There are two complementary approaches for accelerating performance in Python workloads. The first performance problem comes by way of being limited by the compute ability of a single CPU. These libraries were all built on a CPU because the CPU is the common unit of computation on all computers. Just because it is common, doesn’t mean it should stop there, and that is why the community has moved toward providing GPU accelerated libraries.

CuPy provides GPU acceleration to parts of the NumPy library by leveraging CUDA Python. While programming the GPU is normally performed by more experienced software developers, CUDA Python provides bindings to the GPU so that higher-level libraries can use the GPU as easily as possible. Additionally, there is RAPIDS, which provides libraries following the APIs of pandas and scikit-learn.

The impact of GPU acceleration is profound, to say the least. Be warned that going down this path is going to have a side effect on productivity and emotional well-being. The first time a user runs their code, and it runs 100x faster, they may not stop smiling for a while.
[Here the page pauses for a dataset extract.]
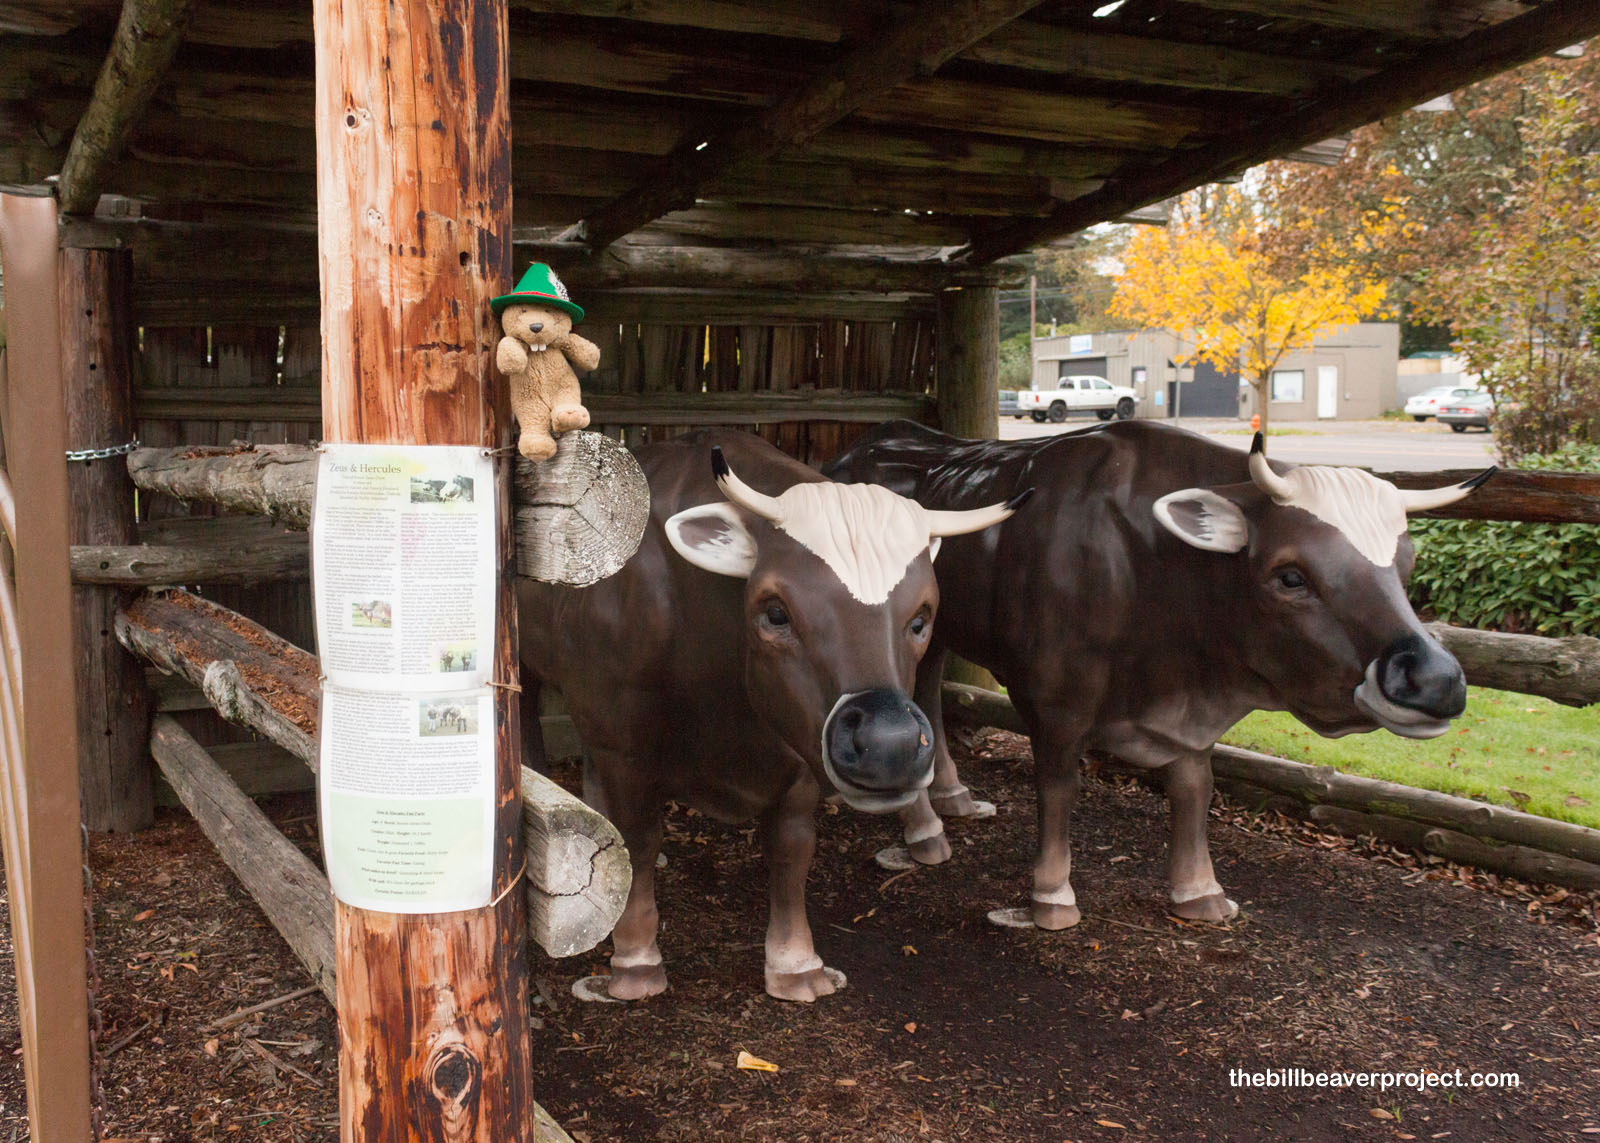 Because of COVID-19, the museum was closed, but I got to see some oxen!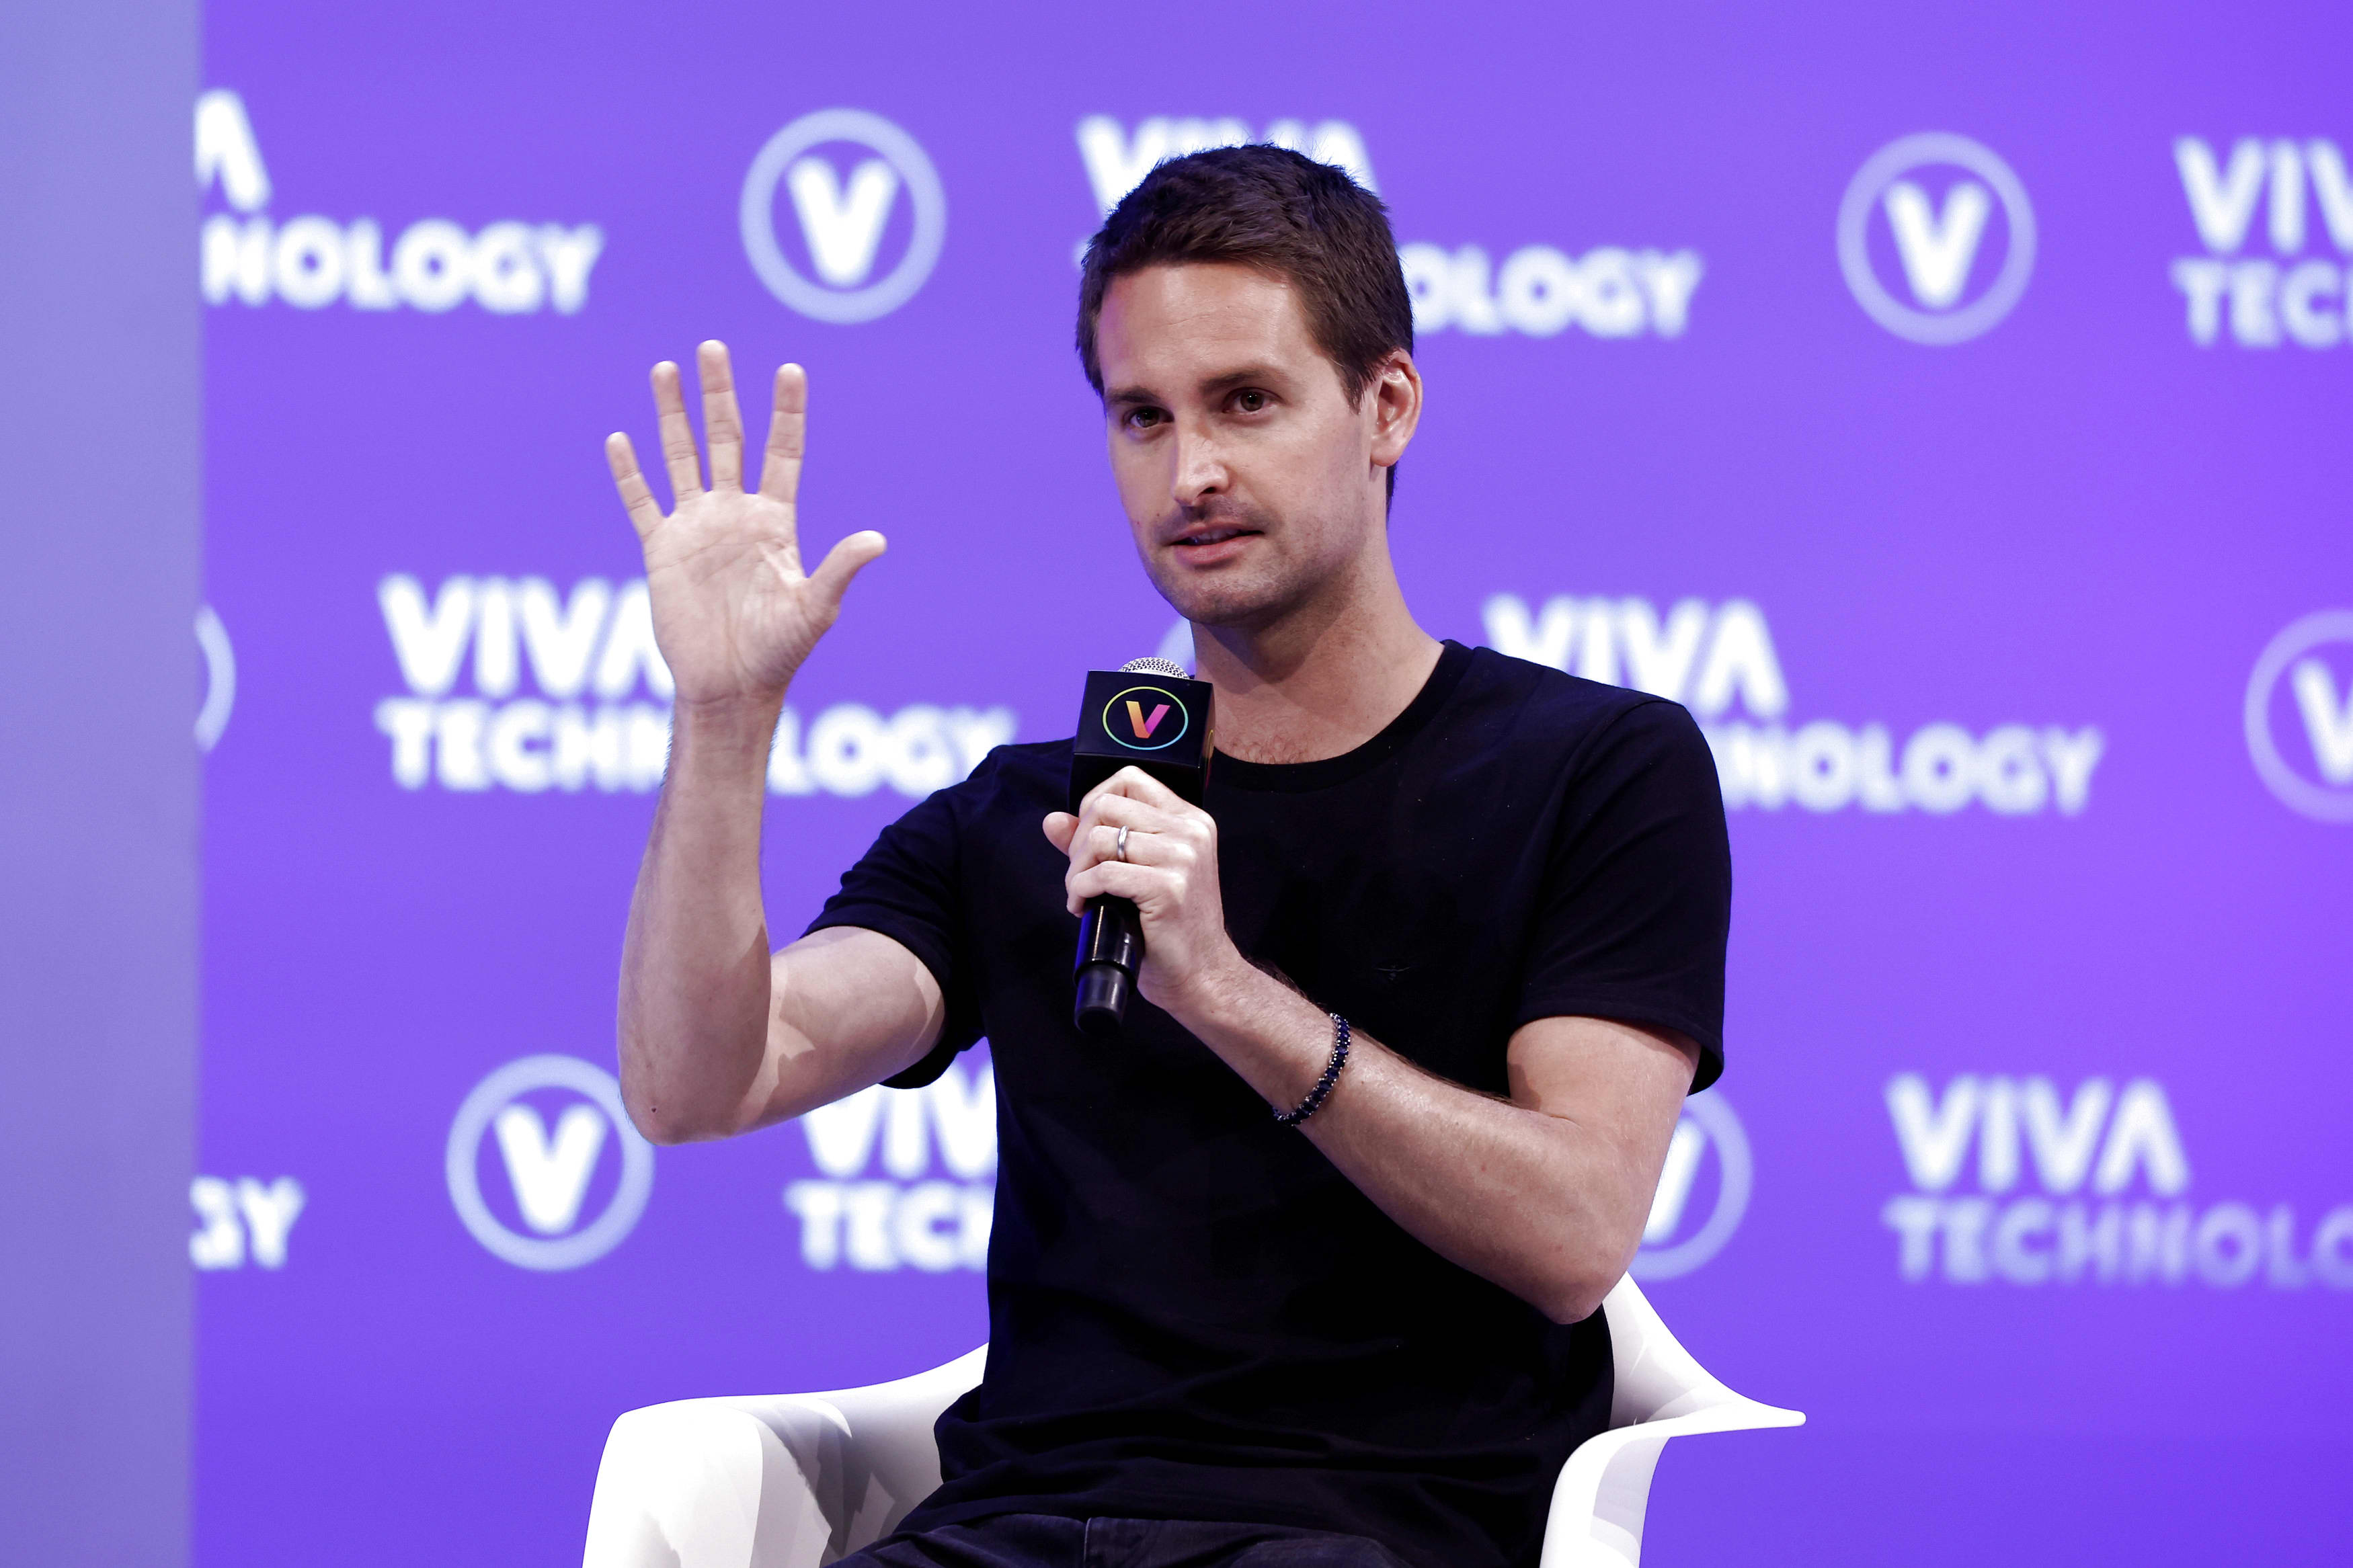 Snap Shares Plummet After Q4 Earnings Report - The New York Times

The second performance problem comes by way of scaling. Scaling can refer to using multiple processors (CPUs or GPUs) in the same computer, spanning multiple computers, or both. This is perhaps the single most important aspect of compute solutions for the future. As data sizes continue increasing, or as the complexity of the problems expands, utilizing the computational power across a cluster of computers is the key.

To address this there are a couple of options. The first is Dask, which was mentioned earlier. This is a good solution with a decent maturity level, and it already integrates with RAPIDS to provide scalable GPU acceleration across machines.

The next one is Legate. Legate provides a solution for scaling out over CPUs and GPUs by utilizing an ephemeral cluster. This is appealing for a variety of reasons, with the foremost being that, once implemented, a user need not change any code to use the CPU on their desktop and then when they are ready, they can do the same exact code on a cluster of CPUs or GPUs. There is value in simplicity. Legate is not very mature, but it is built on a very mature open source research project called Legion. This is a comprehensive scalable compute solution, but it requires libraries to be plugged in to take advantage of these facilities. Again, the benefit is that once the library is plugged into Leg­ate, the user can easily move from as little as one CPU or GPU to a cluster of one, the other, or both. NumPy is the first library being plugged into Legate, for all the obvious reasons already shared about the importance of NumPy to the PyData ecosystem.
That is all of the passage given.